Итак, для того чтобы стать научным, человеческое знание должно было оторваться от практики и превратиться в чистое, атехнологическое знание. Это произошло около 2,5 тыс. лет назад. Объектом познания от­ныне становятся не реальные предметы, а их идеальные заместители — идеальные объекты, оперируя которыми исследователь обнаруживает не­известные ранее соотношения и свойства реальных предметов и констру­ирует из них новые идеальные объекты. Целью познания и высшей для ученого ценностью становится не получение практически полезного ре­зультата, а постижение истины. Главным средством получения нового зна­ния (постижения истины) становится не практический опыт, а теорети­ческий анализ, основанный на системе логических доказательств. Соот­ветственно этому складываются новые, не связанные с практикой крите­рии достоверности (истинности) знания: непротиворечивость, краткость, простота, красота доказательства.

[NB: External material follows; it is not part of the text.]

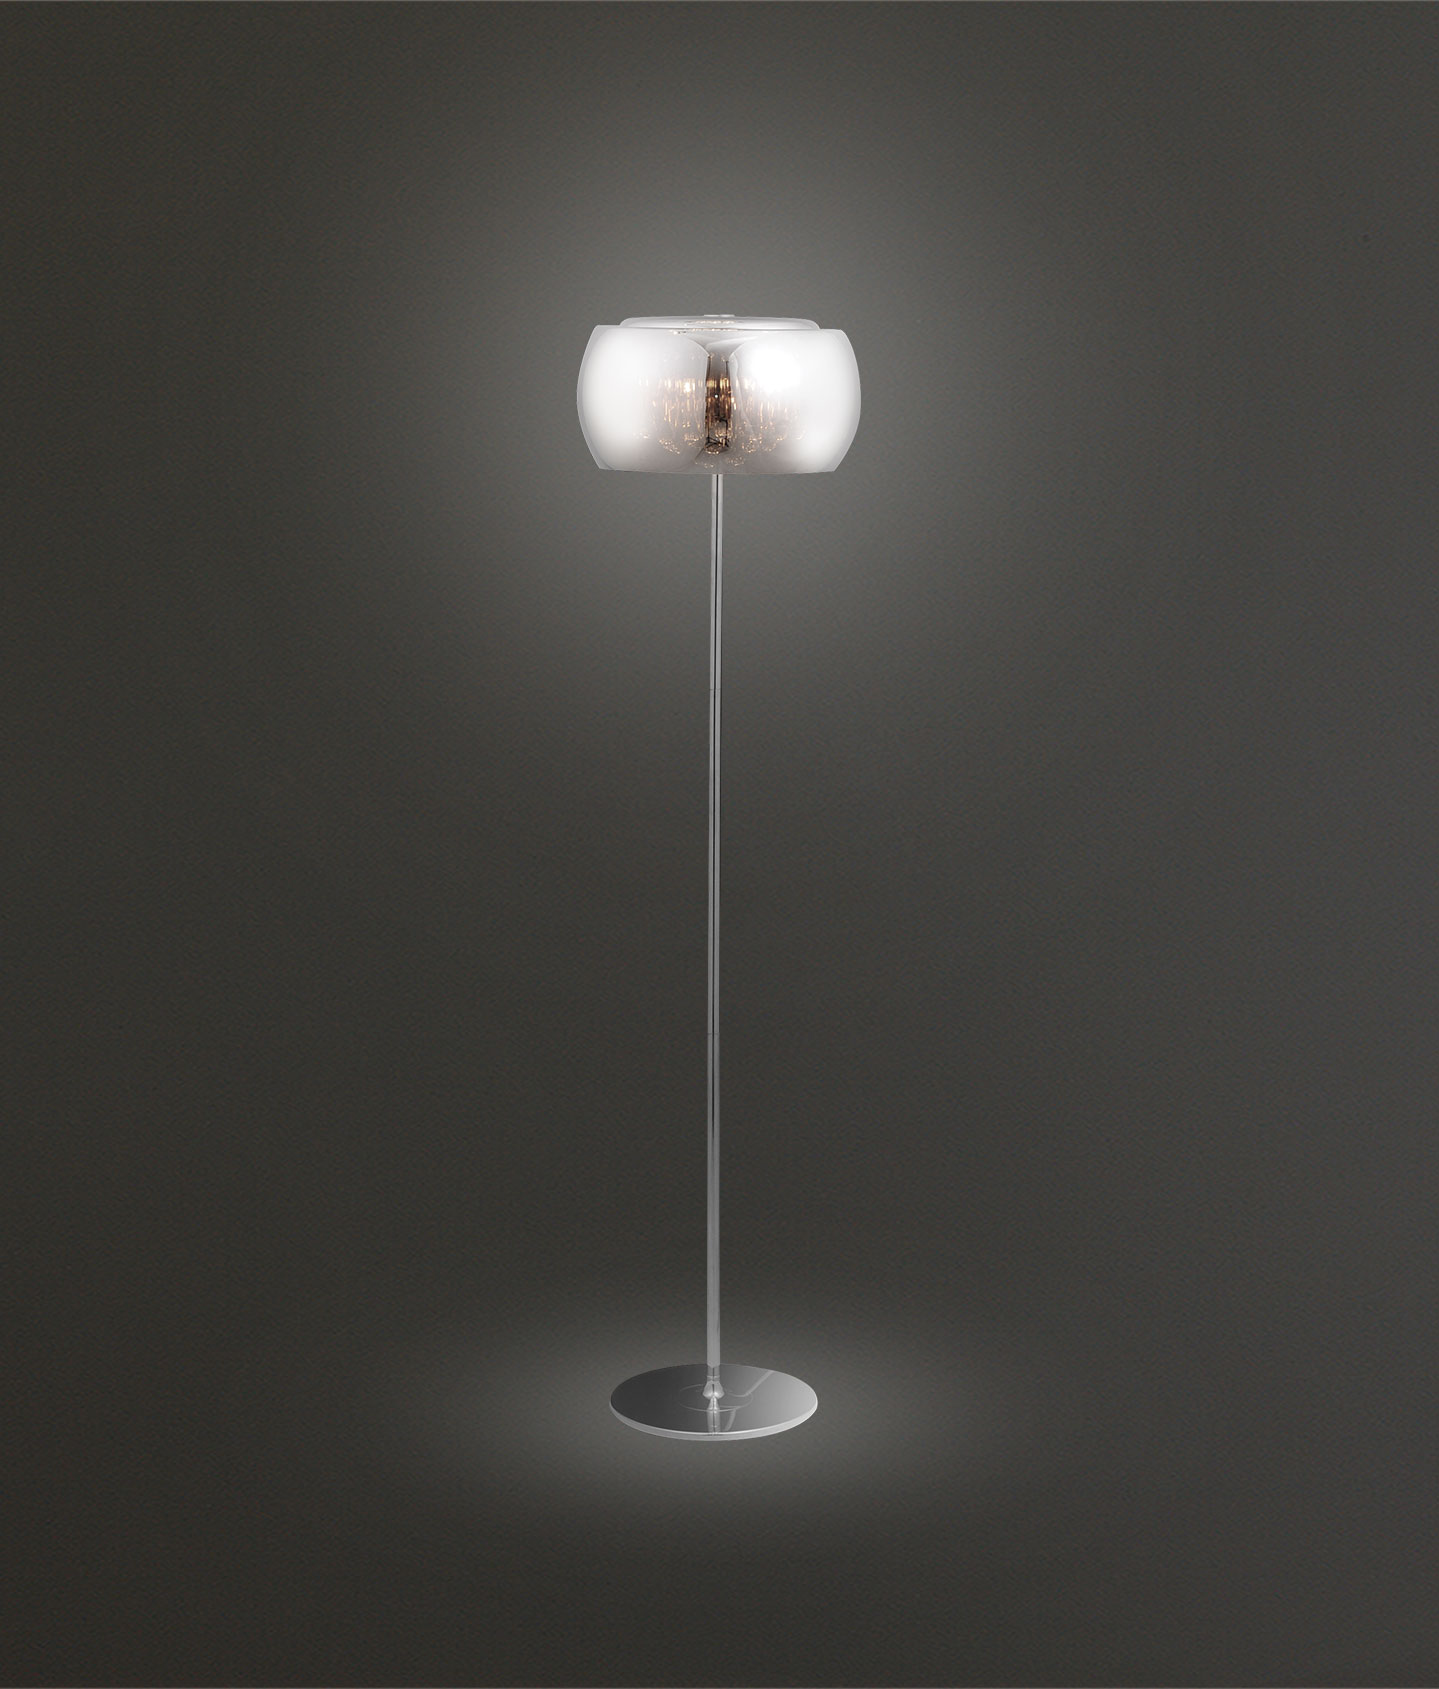 stehlampe moonlight lampen und leuchten online. Black Bedroom Furniture Sets. Home Design Ideas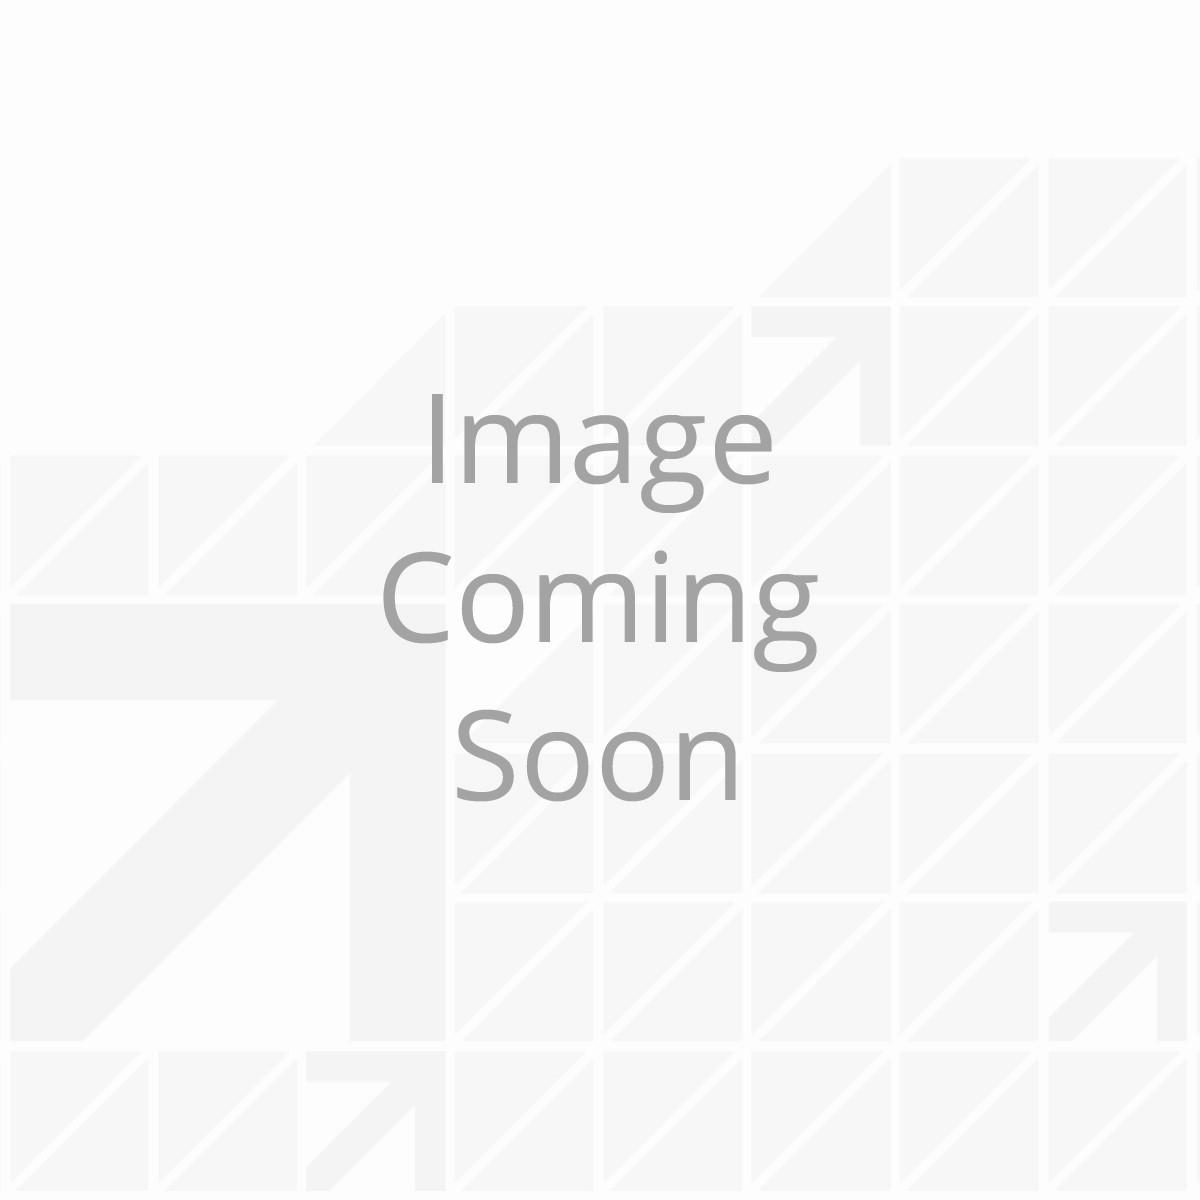 JT's Strong Arm Jack Stabilizer - Travel Trailer Kit

Людей, профессионально занимающихся наукой, в то время было еще очень мало. Вокруг них группировалась любознательная молодежь, обра­зуя так называемые школы, где в беседах с учителем она обучалась при­емам работы с идеальными объектами, правилам преобразования и выве­дения следствий, способам доказательства. Свою школу имел каждый "приличный" ученый. Наиболее известными для нас являются школа Пифагора, академия Платона, лицей Аристотеля. Отношение "ученик-учитель" оказывается в это время, впрочем, как и в прошлые времена (и в этом тоже проявляется преемственность мифологии и науки), един­ственно возможным способом передачи новым поколениям научных до­стижений, а школа — единственным способом существования науки. И в настоящее время умозрительная (теоретическая) наука может успешно су­ществовать и развиваться только в форме школы. Правда, при нынешних средствах связи контакт ученика с учителем может осуществляться и на расстоянии. В таком виде наука просуществовала до конца XVI столетия. Таковой в определенной своей части, именуемой фундаментальной наукой, она со­храняется и в наши дни, выполняя, как и прежде, исключительно позна­вательную, атехнологическую функцию. (с. 183 – 185).